LINTASJATIM.com, Malang – Desakan agar Pemerintah Kabupaten (Pemkab) Malang mengambil tindakan tegas terhadap pengelola Florawisata Santerra de Laponte semakin menguat.
Pasalnya, tempat wisata yang kerap ramai pengunjung ini diduga telah beroperasi selama bertahun-tahun tanpa kelengkapan legalitas usaha yang memadai.
Santerra de Laponte, yang dikenal dengan taman bunga dan spot foto Instagramable-nya di wilayah Pujon, kini menjadi sorotan tajam DPRD Kabupaten Malang.
Sejumlah pelanggaran administratif hingga indikasi pelanggaran hukum mencuat ke publik, termasuk ketidaksesuaian izin lahan dan tidak adanya badan usaha resmi.
“Temuan kami menunjukkan bahwa tempat ini tidak punya entitas hukum jelas. Tidak ada badan usaha, tidak ada NPWP, bahkan kemungkinan besar belum pernah menyetor pajak ke negara,” ungkap Zulham Akhmad Mubarrok, Anggota Komisi 4 DPRD Kabupaten Malang, Rabu (4/6/2025).
Berdasarkan dokumen resmi dari Direktorat Jenderal Pajak, diketahui bahwa sejak berdiri pada 2019, Santerra belum membentuk PT maupun koperasi sebagai bentuk legalitas usahanya. Hal ini dikhawatirkan bisa menjadi preseden buruk jika dibiarkan.
“Kalau setiap orang bisa buka usaha tanpa izin, tanpa bayar pajak, ini yang rugi masyarakat dan negara. Pemkab harus menunjukkan wibawanya dengan bertindak tegas,” tegas Zulham.
Ia juga menyayangkan sikap pengelola yang terkesan tidak kooperatif. Menurut Zulham, beberapa Organisasi Perangkat Daerah (OPD) telah mencoba berkoordinasi agar syarat legalitas dilengkapi, namun diabaikan.
“Sudah enam tahun diingatkan terus, tapi tidak digubris. Sudah saatnya ditutup sementara, atau bahkan disegel kalau tidak juga patuh,” tambahnya.
Masalah tak hanya berhenti di aspek perizinan. Zulham menyebut adanya dugaan alih fungsi lahan tanpa izin dan ketidaksesuaian antara luas bangunan yang diizinkan dan yang dibangun.
Data menunjukkan bahwa IMB yang dikeluarkan pada 2019 hanya mengizinkan pembangunan seluas 400 meter persegi, sementara saat ini lahan yang dimanfaatkan mencapai 3,6 hektare.
“Kita khawatir ini menyangkut alih fungsi lahan produktif.
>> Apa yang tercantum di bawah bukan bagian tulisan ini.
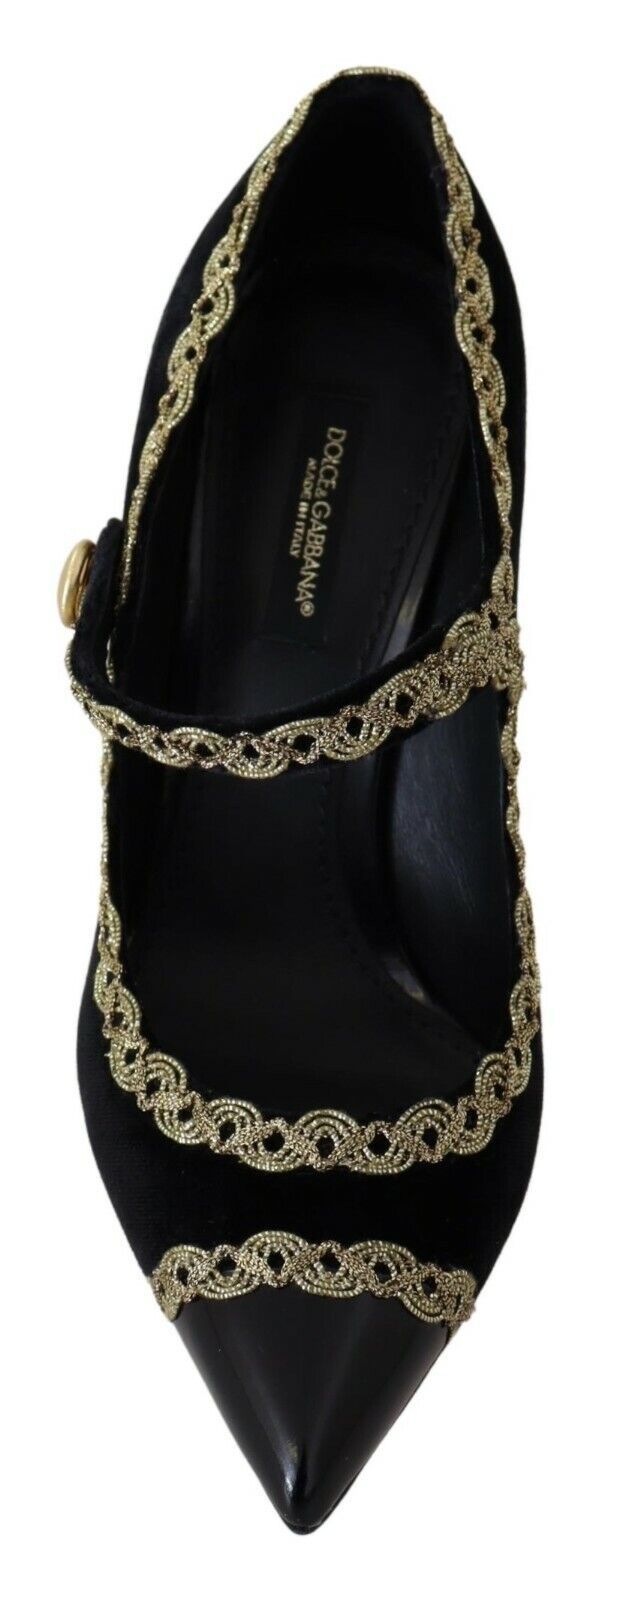 Dolce & Gabbana Black Embellished Velvet Mary Jane Pumps Women's Shoes

Ini bukan hal sepele dan aparat penegak hukum wajib turun tangan,” katanya.
Dukungan atas tindakan tegas terhadap Santerra juga datang dari Komisi 2 DPRD Kabupaten Malang. Muhammad Ukasyah Ali Murtadlo menyoroti dampak sosial dari kegiatan wisata ini, khususnya kemacetan lalu lintas yang kerap terjadi di jalur utama Batu–Pujon.
“Santerra tidak punya Amdal Lalin, padahal antrian masuknya sudah mengganggu arus lalu lintas. Ini jalan rawan, banyak tanjakan dan belokan curam. Keselamatan pengguna jalan juga harus dipertimbangkan,” ujar Ukasyah.
Ia juga menyinggung dugaan adanya praktik-praktik tak sehat dalam operasional Santerra.
“Kalau ada pengusaha yang mengaku dibekingi pejabat atau ormas tertentu, itu harus diluruskan. Presiden Prabowo sendiri sudah jelas menolak segala bentuk premanisme,” tegasnya.
Ukasyah menilai, sudah saatnya Dinas Perhubungan dan Satpol PP bertindak berdasarkan regulasi. Penyegelan bisa dilakukan jika memang ditemukan pelanggaran nyata.
“Ketertiban usaha adalah fondasi pemerintahan yang adil. Jangan sampai kesan pembiaran mencederai kepercayaan publik,” tutupnya.